» ASSIGNED TASK: The entries below contain a stretch that opens with the line containing "صور مباراة : برشلونة" and closes with the line containing "2-к квартира, 61"; set down that stretch exactly, both ends included, and nothing else.

» RECORDS SHOWN:
+===+
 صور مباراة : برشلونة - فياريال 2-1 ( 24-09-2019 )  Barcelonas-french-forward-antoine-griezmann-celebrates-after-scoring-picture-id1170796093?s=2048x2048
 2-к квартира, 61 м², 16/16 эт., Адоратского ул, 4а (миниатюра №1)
+===+
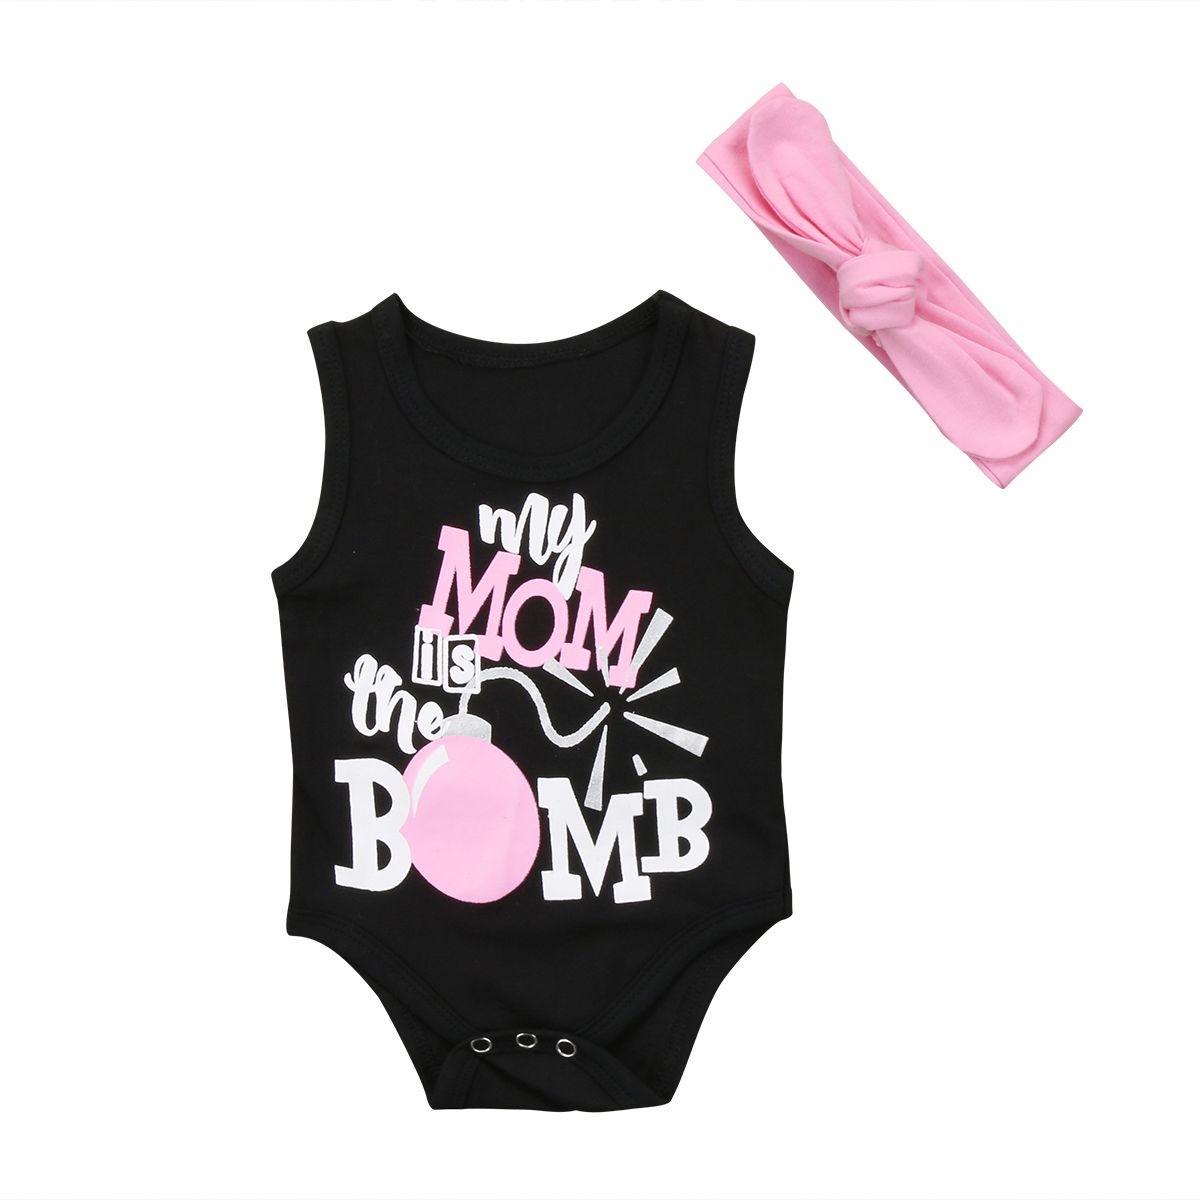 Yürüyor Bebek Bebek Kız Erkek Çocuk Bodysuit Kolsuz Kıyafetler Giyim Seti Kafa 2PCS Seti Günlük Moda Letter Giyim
+===+
» EXERCISE ANSWER:
 صور مباراة : برشلونة - فياريال 2-1 ( 24-09-2019 )  Barcelonas-french-forward-antoine-griezmann-celebrates-after-scoring-picture-id1170796093?s=2048x2048
 2-к квартира, 61 м², 16/16 эт., Адоратского ул, 4а (миниатюра №1)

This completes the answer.